В голове-кастрюльке под очаровательной крышечкой пшеничных кудрей варилась патока с гудроном. Все странное и отталкивающее в девушке почему-то становилось приманкой для мужчин, жаждущих женских неразгаданностей и эпатажной таинственности. Мозгалевский, в родную семью приходивший два-три раза в неделю, с головой погрузился в Полину, периодически заныривая в хладный омут блуда.
Эти отношения вполне устраивали Мозгалевского. Но ее дети, которые ему совершенно безразличны, стали межевыми столбами, за которые девушке было не перейти. Она любила сыновей, но прекрасно понимала, что Мозгалевский с ними несовместим. И это понимание накрывало Полину несчастьем и чувственной бессмысленностью. И оттого они порой становились одержимы друг к другу безудержной злобой, и каждому казалось, что это конец, страница перевернута и свежий вольный воздух вновь расправит сдавленную тоской и болью грудь. Но, увы, каждое столкновение неизбежно заканчивалось страстным примирением.

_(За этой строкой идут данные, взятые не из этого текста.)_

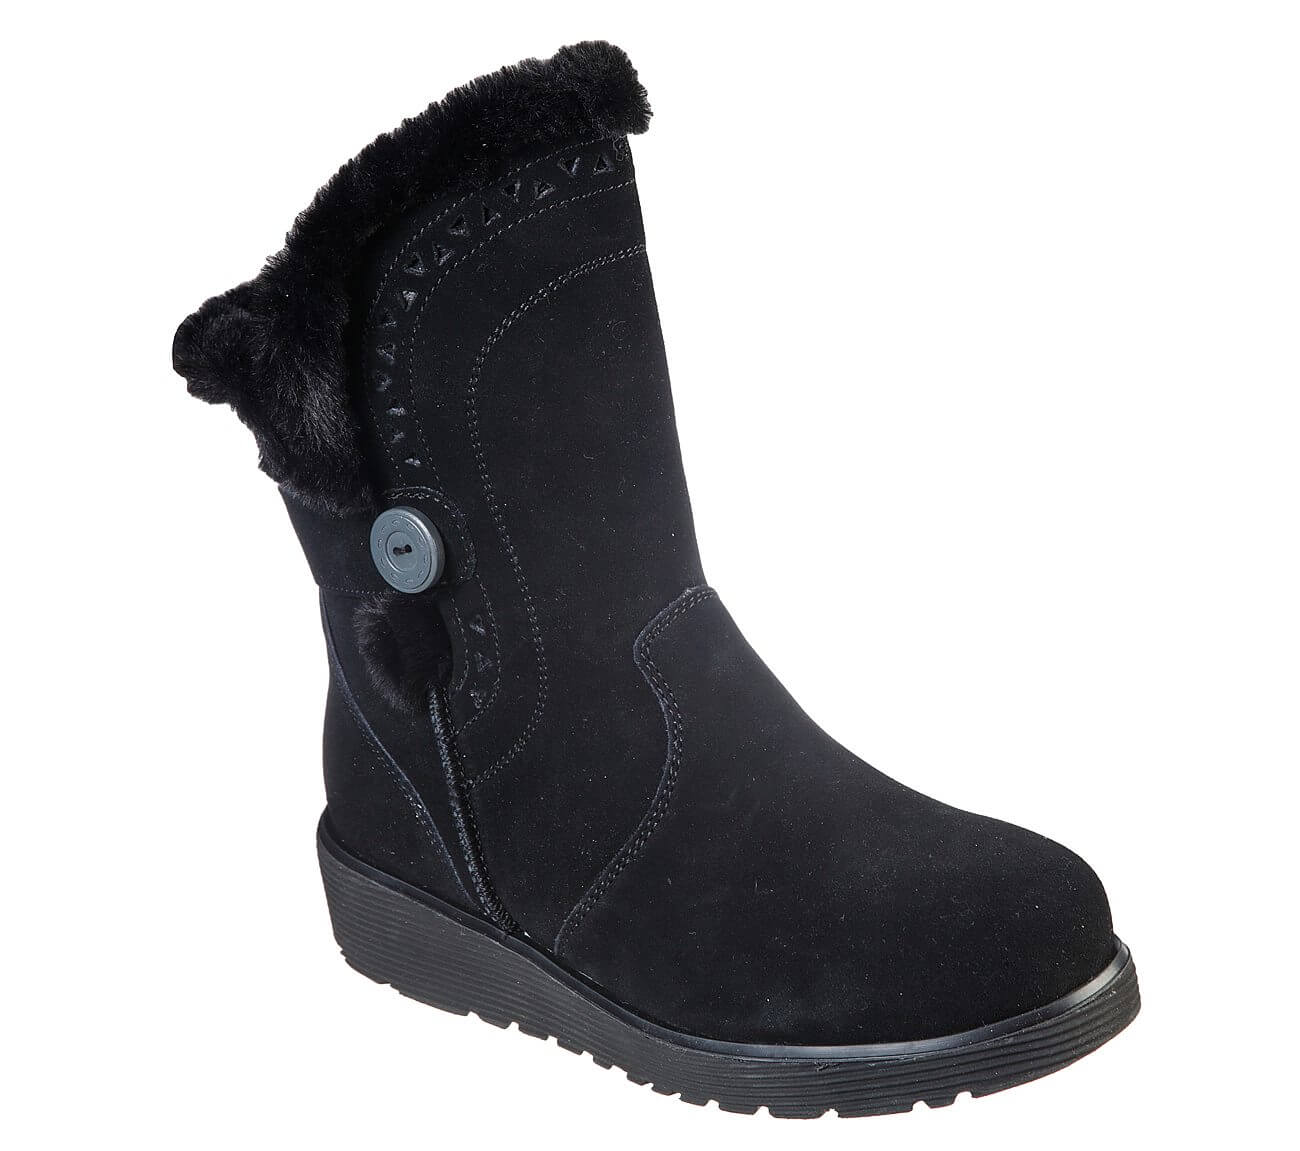 Fur Lined Boots | Skecher Keepsakes

Даже когда Мозгалевский был уверен, что, кроме ненависти, к Полине больше ничего не осталось, он продолжал ее любить и за это тоже. Он ненавидел в ней крик и молчание, резкое «нет» и резкое «да», ревнивые обиды, тупые и длинные, самолюбивую вредность и всех ее бывших мужчин, как ему казалось, истрепавших любовь к нему. Решив, что она обиделась, Полина могла по нескольку дней не отвечать на телефон. В дни опалы Мозгалевский забывался в компаниях старых любовниц и малознакомых влюбленностей и, расплескав себя до дна, словно в лихорадке принимался писать Полине, мешая ложь, притворство, боль и бред. Вот и сейчас, после нескольких попыток дозвониться, он сочинял ей послание: «Я последнее время не могу себя найти. Бессоница. – Мозгалевский, улыбнувшись, подмигнул кофемашине. – Дышу, но не живу. Съехал с колеи. – Ему почему-то пришла в голову гоголевская птица-тройка. – Все глупо и пусто. Жутко тебя не хватает, даже просто твоего голоса в трубке. Не оставляй меня!» Крякнув от удовольствия, он отправил сообщение.

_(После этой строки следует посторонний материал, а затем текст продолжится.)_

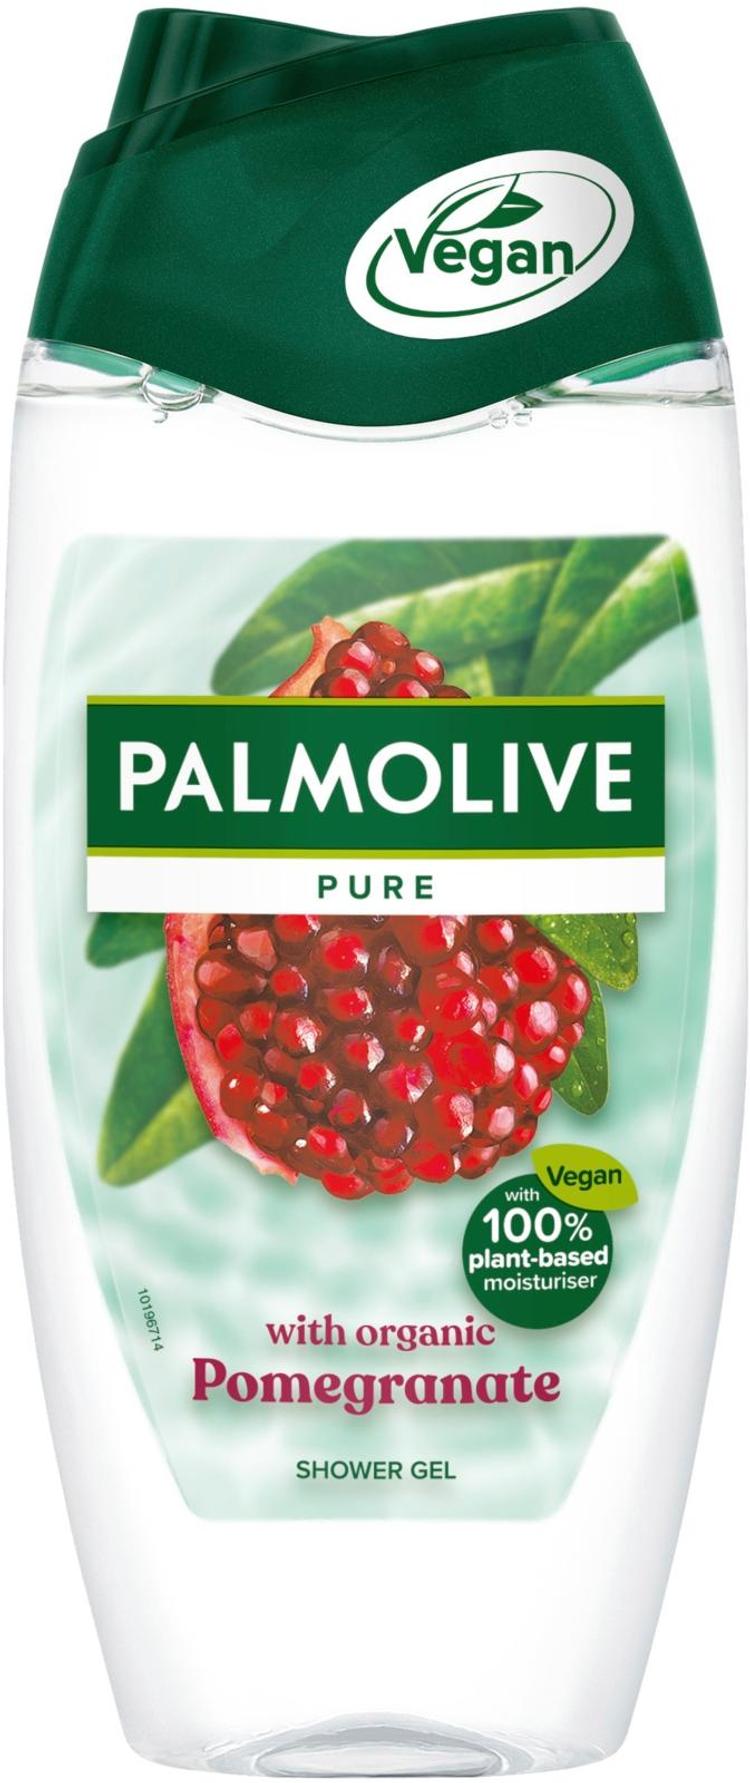 Palmolive Pure Pomegranate suihkusaippua 250ml

Примерно через полчаса пришел ответ: «Ладно, я немного отошла и напишу тебе кратко. Ты хороший человек, Мозгалевский, мне было очень хорошо с тобой (несмотря на все сложности), и надеюсь, что мы будем помнить друг о друге только хорошее. Может, даже дружить когда-нибудь. У тебя странный комплекс, не отрицай: ты хочешь держать на коротком поводке всех своих бывших, но я все равно думаю, что ты хорошо ко мне относишься. У меня прошли к тебе чувства, я разучилась любить мужчин, которые не любят меня, хотя еще недели три назад я тебя любила. Всякая другая будет спать с тобой и не париться, а я не могу. Мне потом плохо и противно, от себя противно. К тому же беда в том, а может, и счастье, что я не принадлежу себе. Я несу ответственность за детей. Когда мальчики просят найти им хорошего папу, я вдруг понимаю, что даже если такой и есть, то я его не вижу. Я не вижу других мужчин, когда я принадлежу другому. – Мозгалевский с ухмылкой припомнил ее блуждающий от Бельского жгучий взгляд. – Я не хочу пресловутого тихого семейного счастья. Я понимаю, что мой мужчина будет ненормальным на всю голову. Я буду от него уходить, прыгать в окно, ломиться в дверь, нырять в форточку, но он будет знать, что я его и никуда не денусь. А я буду знать, что он за меня отвечает перед людьми и перед Богом. И мы будем двигаться вперед духовно, интеллектуально, физически. Это нужно мне и мальчикам. Если в твоем сердце осталось что-то живое, прошу, оставь меня в покое. Мне нужно продышаться, пережить, отпустить. Пожалуйста, может, я и не найду своего мужчину, но сделаю все, чтоб даже без отца мальчики выросли настоящими мужиками. Чтобы они умели любить, отдавать, заботиться, ценить женщину. Прости, коротко не получилось. Надеюсь, ты поймешь».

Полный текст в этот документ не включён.